E tu alle donne piaci molto. Ti considerano “bello e maledetto” come il tenente di Mal di pietre.
Lo so, ma è solo una questione di “reputazione”. La mia vuole che io sia serio e molto romantico: è un’interpretazione che dipende dai tratti del mio viso. In realtà sono un tipo piuttosto ansioso.
Come definiresti lavorare con Marion Cotillard?
Impressionante: è un’attrice che “tira” l’intero film. Tu devi solo seguirla e farti dare da lei il ritmo. Come un ballerino che si lascia guidare.
Avete girato intense scene di sesso.
Le abbiamo immaginate come una coreografia, ma interpretarle è stato davvero difficile: mi ci è voluto un giorno per trovare la giusta leggerezza.
In Planetarium invece c’è la bellissima sequenza di un bacio che sconvolge Natalie Portman.
Complicata anche quella. Era in assoluto il primo giorno di lavorazione del film, a un certo punto mi sono sentito completamente perso.
Ricordi il tuo primo bacio sul set?
Certo: è stato uno shock, avevo 17 anni e non conoscevo la mia partner. Eravamo all’aperto, faceva un freddo terribile e tutti ci guardavano, mi è rimasta impressa la sensazione di calore dei nostri corpi in contrasto col gelo.
E il primo bacio nella vita?
(Ride) Temo di averlo dato a un maschio, però avevo 5 anni…
Il tuo personaggio in Planetarium è un attore vanitoso e alcolista. Hai mai pensato: «Potrei finire anch’io così»?
Purtroppo sì, infatti sto piuttosto attento a non bere. Mi sento già abbastanza perduto quando sono lucido, figuriamoci da ubriaco. E poi sono il tipo da sbornia triste.
Prima mi hai anche detto di essere un ansioso. Perché?
Mi spaventa quello che sta succedendo nel mondo, siamo travolti da cattive notizie: nel caos non riesco a focalizzare cosa abbia davvero importanza e cosa no. In Francia, poi, stiamo per andare a votare alle elezioni presidenziali, sono preoccupato dalla tensione politica.
In una scena di Planetarium si dice: «Diventiamo attori perché non abbiamo vissuto abbastanza intensamente certe emozioni». Tu sei d’accordo?

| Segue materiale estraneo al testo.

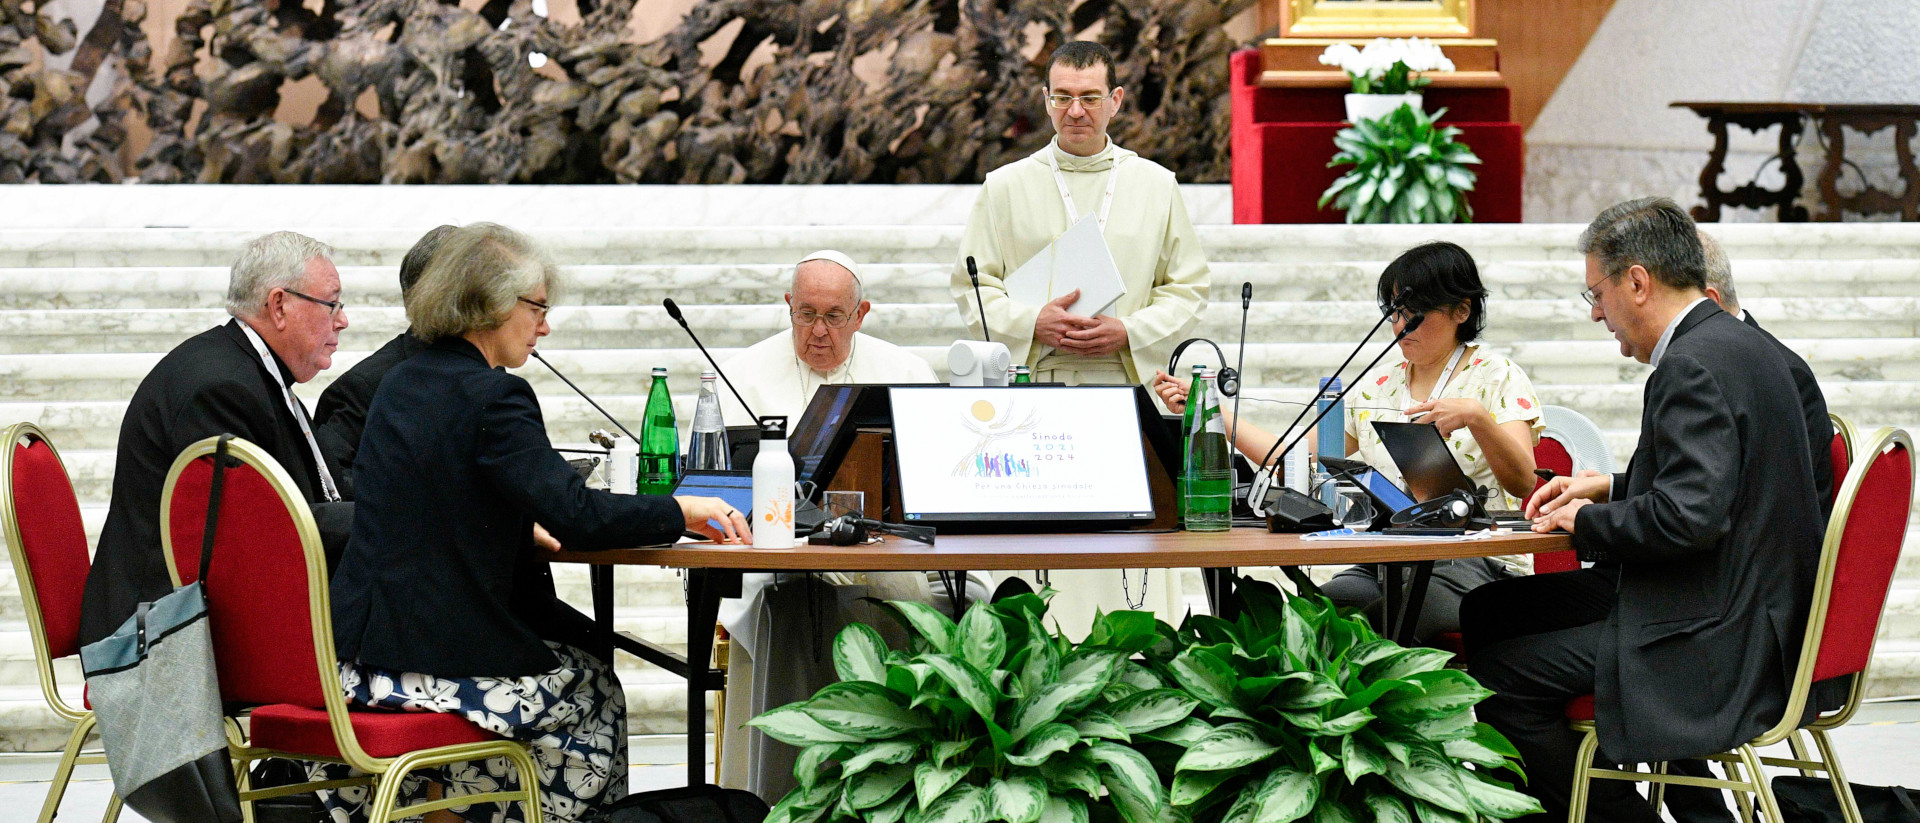 Papst Franziskus im Gespräch am Tisch bei der Weltsynode, 16. Oktober 2023 im Vatikan.

Direi di sì. Nel cinema in fondo proviamo a vivere cose straordinarie, o a rendere straordinario ciò che è banale.
C’è un film che avresti voluto “vivere” davvero?
Quello di Bernardo Bertolucci, The dreamers, che ho interpretato a 20 anni non ancora compiuti. Mi è mancata quella trasgressione adolescenziale, scendere in strada a fare la rivoluzione, vivere l’amore liberamente in un ménage à trois.
Mal di pietre racconta la forza della passione. La tua, vera, qual è?
Io sono ossessionato dall’arte, dal cinema. Inseguo l’idea di trovare un film o un libro che mi riempia completamente. Guardando certi film di Michelangelo Antonioni, L’eclisse per esempio, mi ci sono avvicinato. Ma sento di essere ancora lontano.